Several months ago, my shelter took a handful of cats from a fairly large hoarding case the next town over. A couple were placed early on, a couple were pregnant (a litter of two - one was stillborn and one died within 24 hours, the other litter was also two - both were placed at 8 weeks), and we still have three adults. There's one that I've taken a particular liking to; Jinxy. She's a young, solid black, semi-feral domestic shorthair. I work with her everyday and have made SO much progress, but still haven't been able to pet her. She's gotten to the point where she'll come out of her cage when I open it, play with toys that I give her, approach me for treats, and hop back into her cage when she's had enough. The problem I've been facing is that the part time weekend staff have been moving her to different cages on Saturday and Sunday, which involves putting on bite gloves and basically manhandling her. It's setting back the progress I've made with Jinx. Grrrrrr.
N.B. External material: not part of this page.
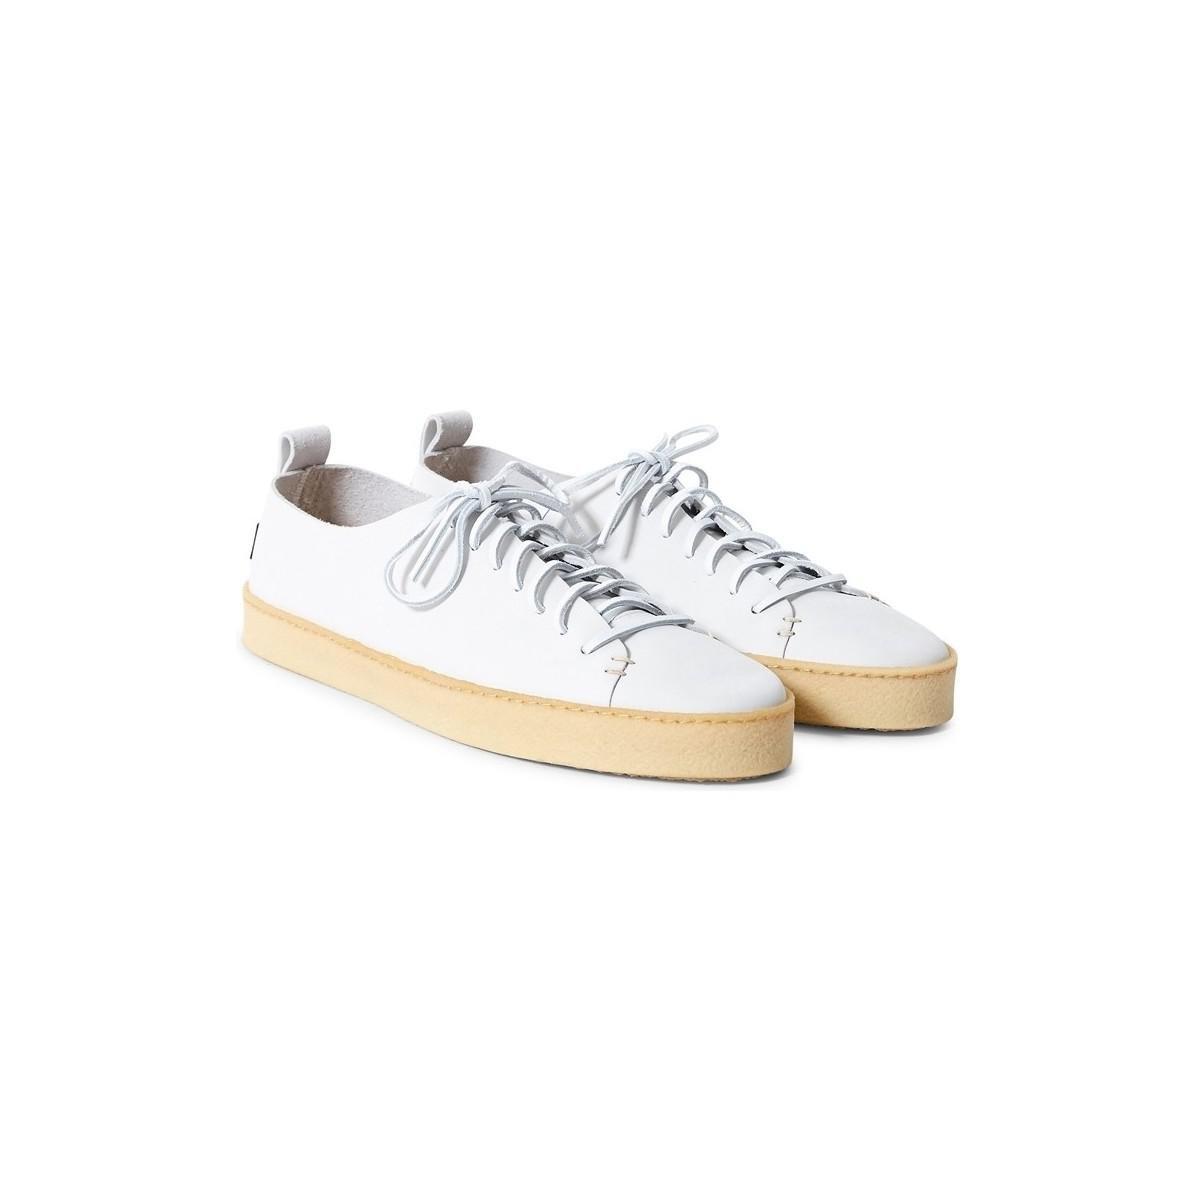 Yogi Rufus Nubuck Trainer White Men's Shoes (trainers) In White for Men

So, I've decided to bring her home to foster. After I have her spayed and tested, she'll start off in an area of my finished attic. (Totally livable, used to be my bedroom when I had a roomate here.) Eventually, on her terms, she'll be integrated with everybody else. I'm hoping to be able to socialize her enough to be adoptable, otherwise I'll likely foster her indefinitely. I've fostered plenty of feral kittens, but never a semi-feral adult! Hope this goes well! If anybody has pointers, I'm all ears!


----------



## MollyWoppy (Mar 19, 2010)

Well, having never known any cats before I'm afraid that I don't have the foggiest idea on what to do, but, I did want to say that what you are doing for Jinxy cat is awesome. I can imagine a cat like that has virtually no chance of being adopted so you really must have the patience of a saint. Must admit I never thought cats were my cup of tea but that has changed now and I can totally understand why you are prepared to put in so much effort. Good on ya. Jinxy cat sure is lucky!


----------



## RachelsaurusRexU (Sep 4, 2010)

Aw, thank you for the kind words! :smile:

Yes, my boss has said "I don't know what we're going to do with this cat" a few times. That prompted me to become serious about working with her daily, but it's such a crushing feeling to open whatever cage she happens to be in on a Monday to have her hiss and refuse to come out. Granted, she has bounced back quickly from the stress of being moved, but I don't think it's necessary or fair for her to have to deal with that two days every week. Plus, I feel she'll never trust people enough to pet her if everytime she's touched she's being wrestled with and manhandled. 

I just see so much potential and curiosity in this little girl. I can see that she wants to trust me, and she's come such a long way in the months she's been with us. It would be such a shame if her only options were being tossed outside with a feral colony to fend for herself when she's never been outdoors in her life, or euthanasia :frown: Not on my watch!


----------



## Cruiser (Oct 20, 2010)

I see your putting her in the attic bedroom,perhaps leave the door open QWHEN your at home,she will get used to the hopusehold noises and get curious i think.Bravo by the way.:smile:


----------



## SerenityFL (Sep 28, 2010)

My only suggestion, which you clearly already understand, is to take things slow and let her come to you.

Getting her in to your home, away from the shelter, away from being manhandled and moved is going to make a huge improvement. She will come around and you'll probably end up having a new cat. What I've discovered from rescuing ferals is that they'll pick one person and that is the person they will allow to be as close to them as they'll allow but they tend not to let others.

This is not every single case, it's just most that I've had experience with.


----------